▸ **TASK**
Drop every picture, then repeat the records exactly.

▸ **EXTRACTED INFORMATION**
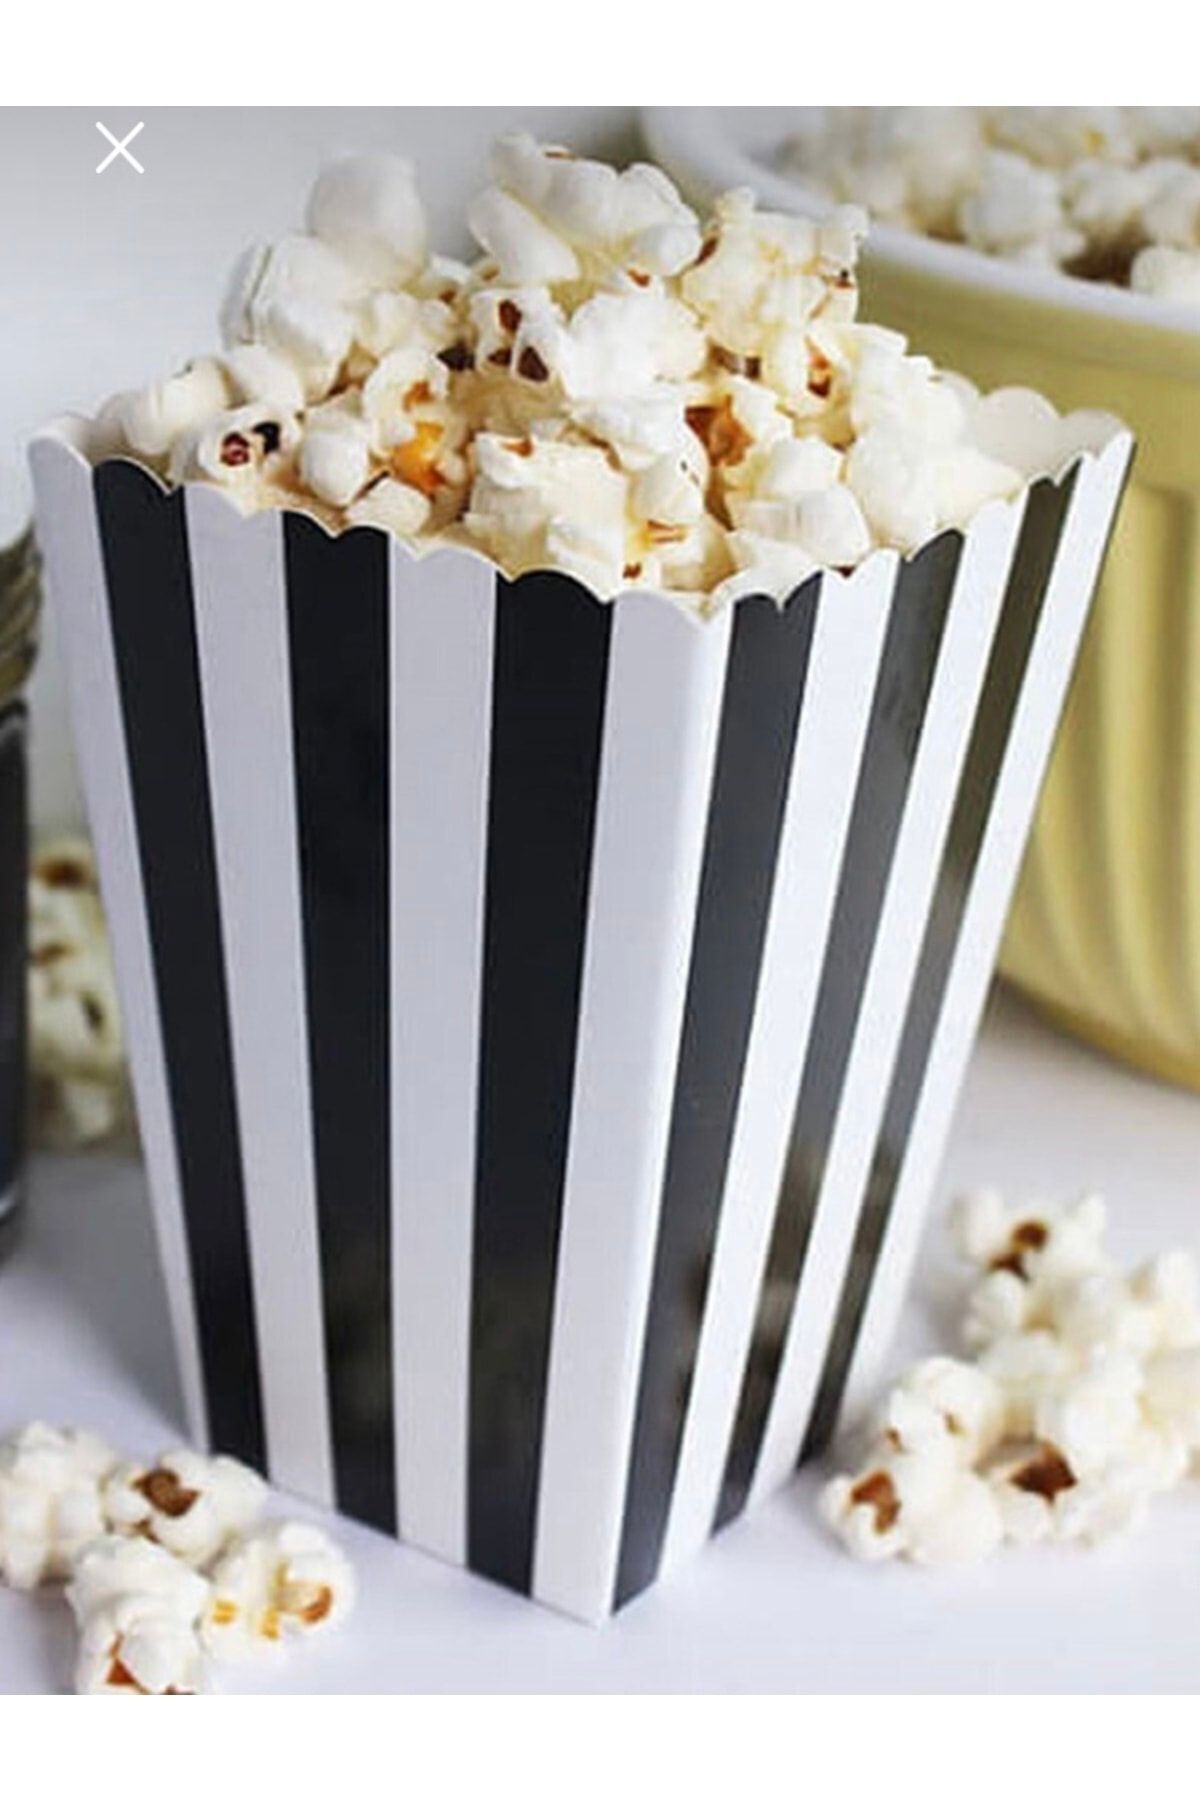 Deniz Party Store Siyah Beyaz Çizgili Karton Popcorn Mısır Cips Kutusu 8 Adet
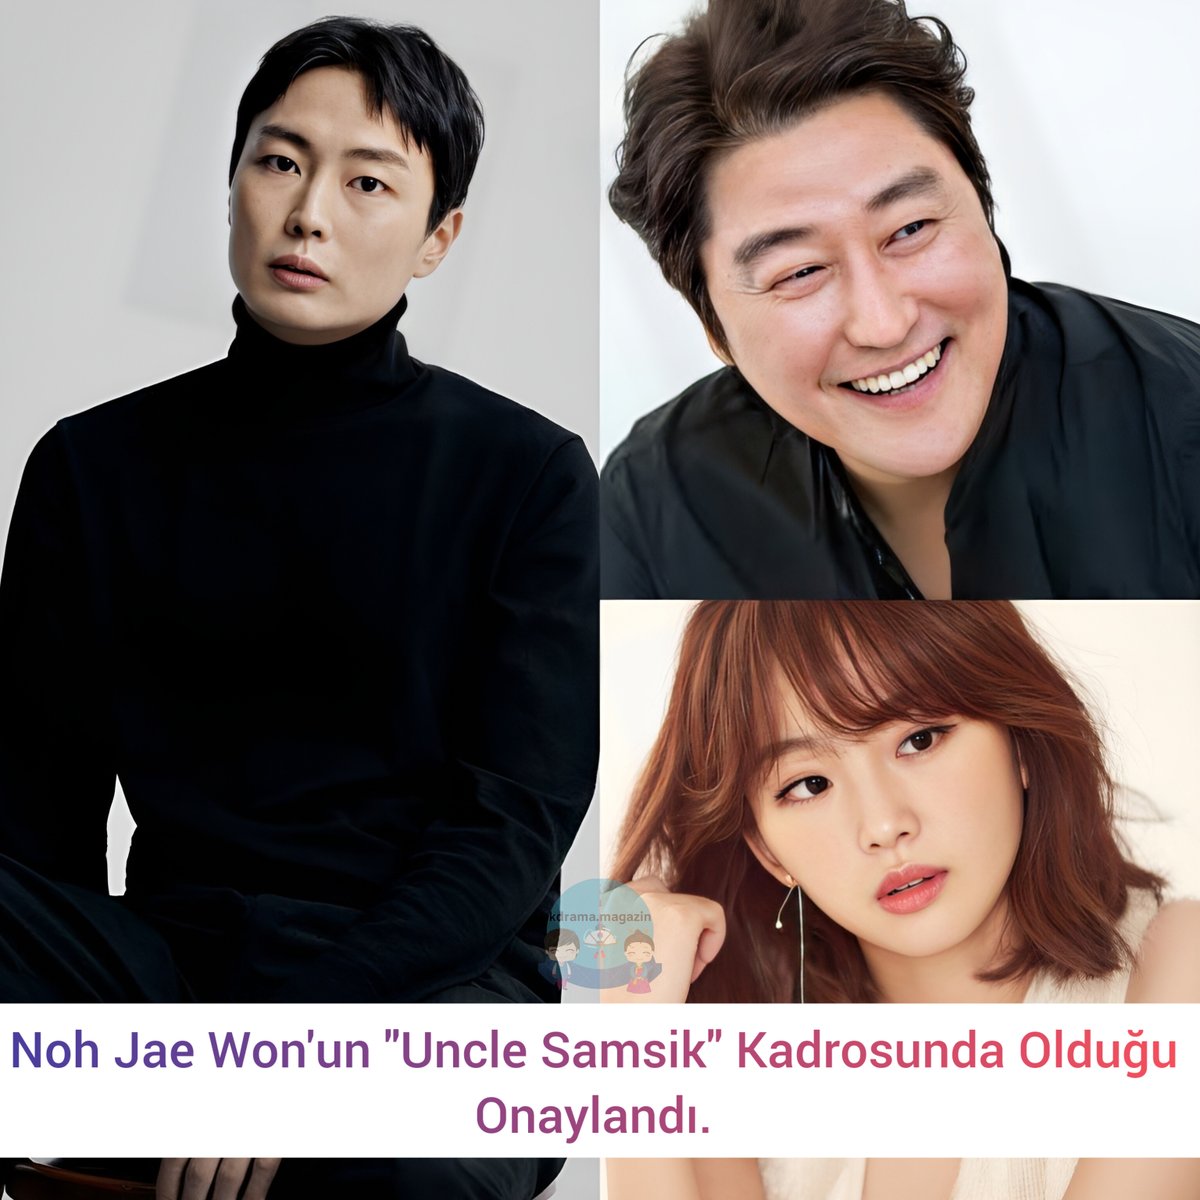 #NohJaeWon'un #UncleSamsik Kadrosunda Olduğu Onaylandı. 

🎬Seodaemun grubuna liderlik eden Han-soo olarak oynayacak. 

#ByunYoHan #JinKiJoo #SongKangHo
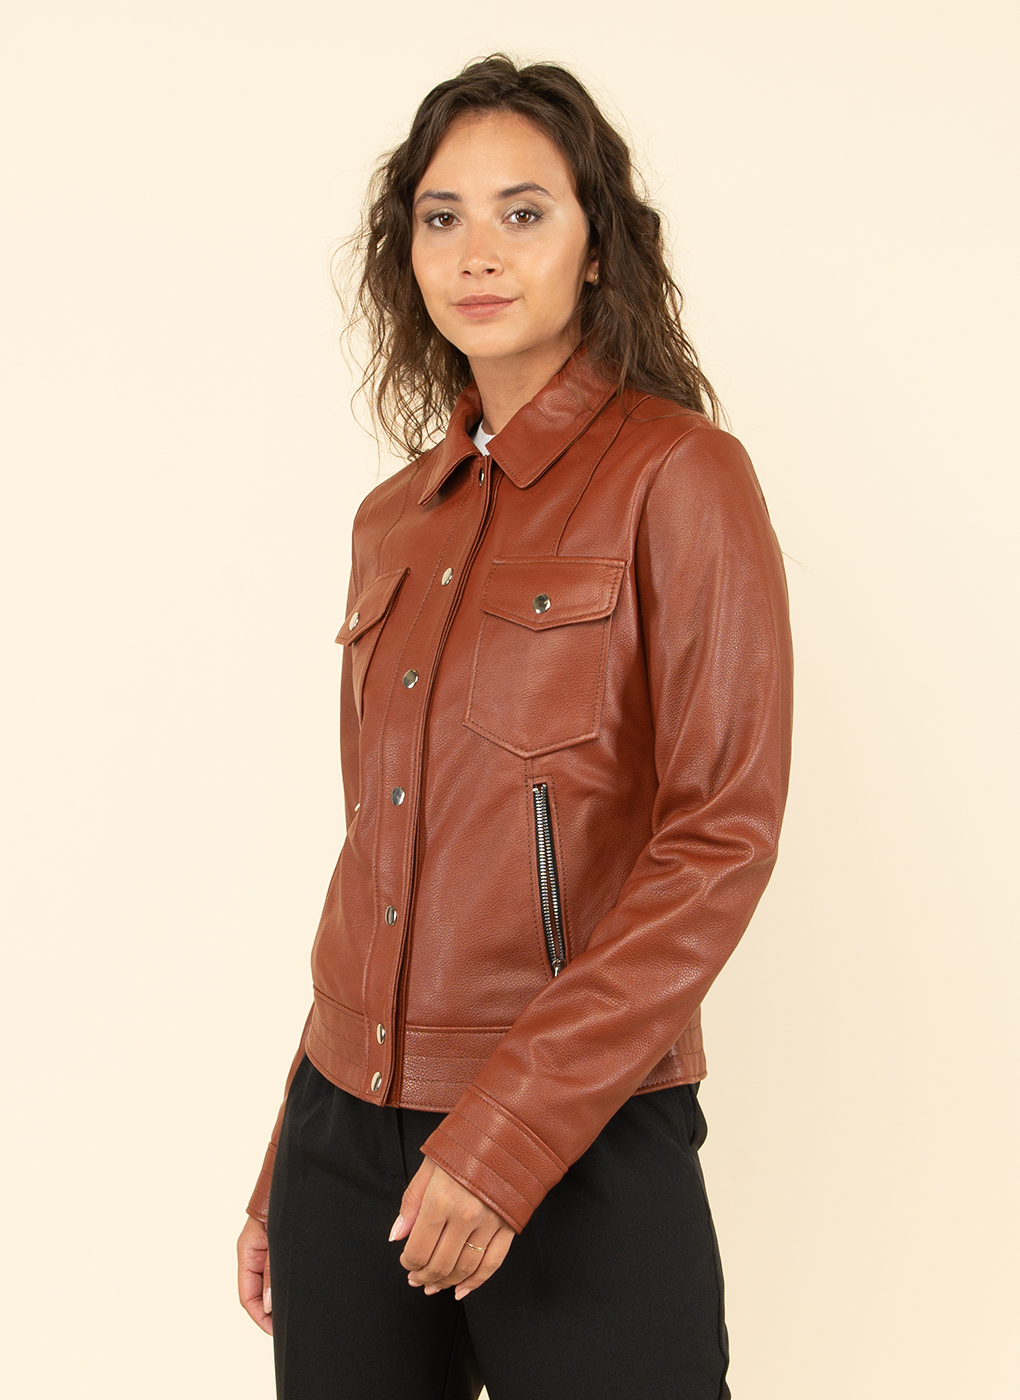 Кожаная куртка женская Каляев 48162 коричневая 50 RU
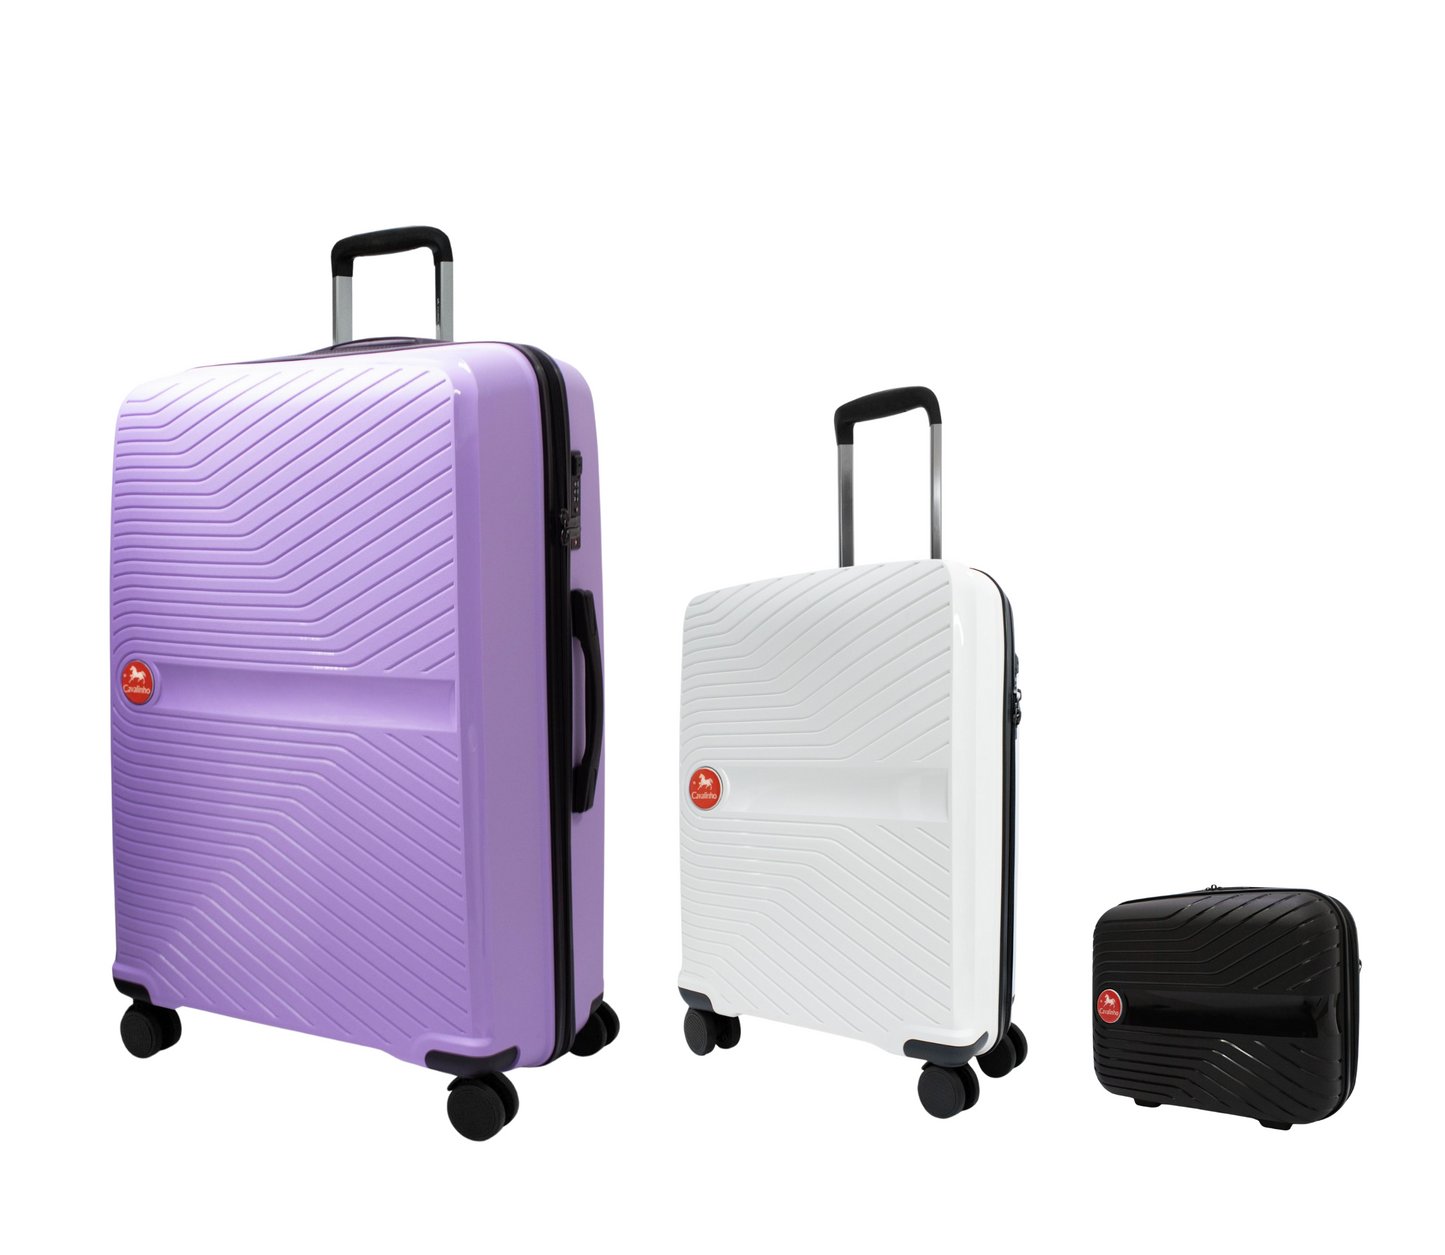 Cavalinho Canada & USA Colorful 3 Piece Luggage Set (15", 19" & 28") - Black White Lilac - 68020004.010639.S151928._2
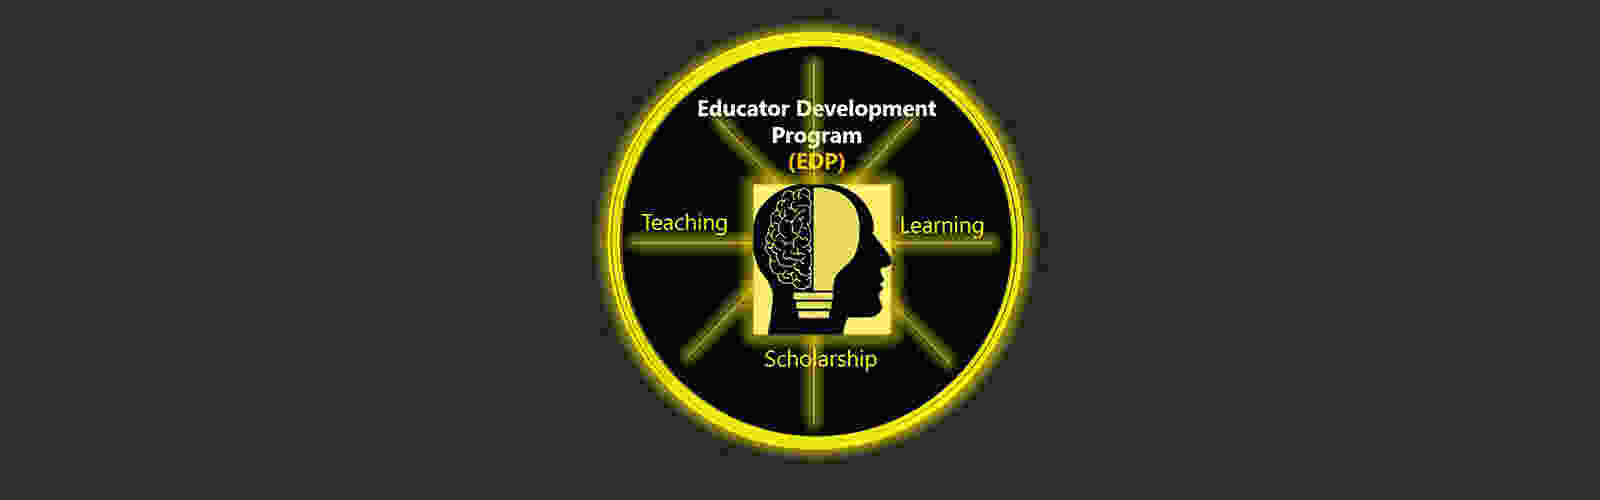 EDP-logo-slide.jpg
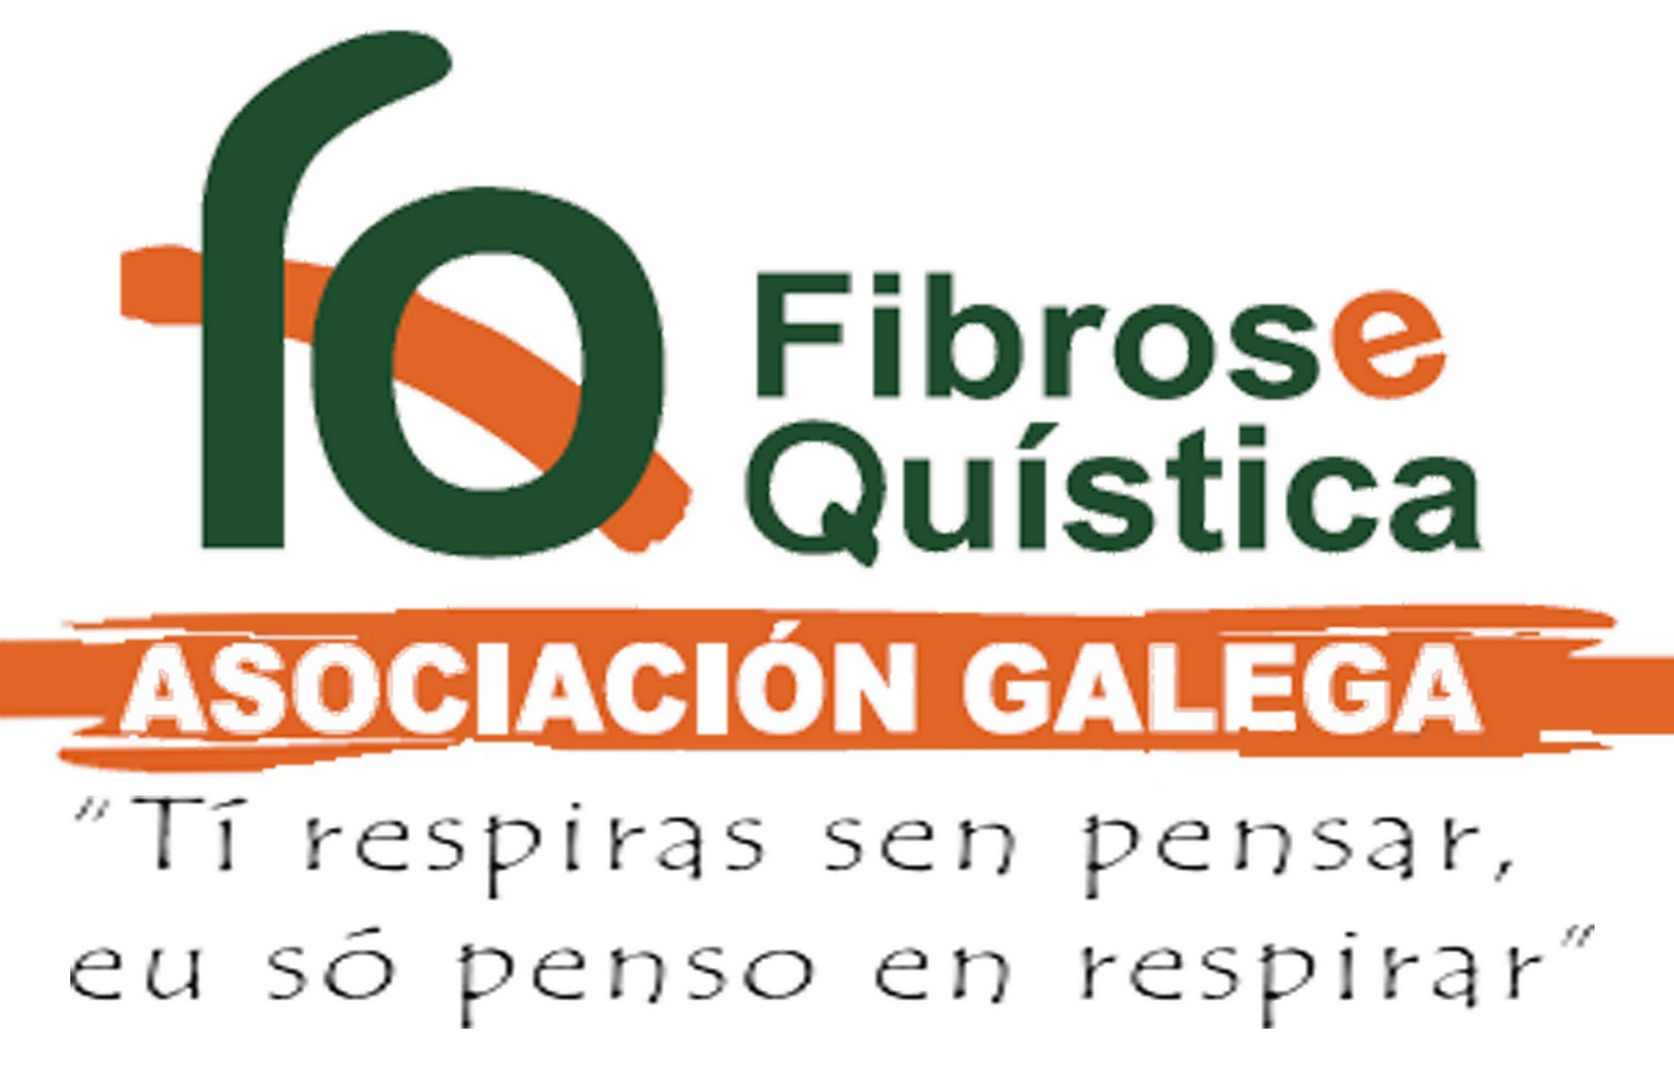 federacion española fibrosis quistica la asociacion gallega de fq quiere dar las gracias a todos los organismos publicos y privados que han colaborado con la entidad

▸ **EXPECTED OUTPUT**
 Deniz Party Store Siyah Beyaz Çizgili Karton Popcorn Mısır Cips Kutusu 8 Adet
 #NohJaeWon'un #UncleSamsik Kadrosunda Olduğu Onaylandı. 

🎬Seodaemun grubuna liderlik eden Han-soo olarak oynayacak. 

#ByunYoHan #JinKiJoo #SongKangHo
 Кожаная куртка женская Каляев 48162 коричневая 50 RU
 Cavalinho Canada & USA Colorful 3 Piece Luggage Set (15", 19" & 28") - Black White Lilac - 68020004.010639.S151928._2
 EDP-logo-slide.jpg
 federacion española fibrosis quistica la asociacion gallega de fq quiere dar las gracias a todos los organismos publicos y privados que han colaborado con la entidad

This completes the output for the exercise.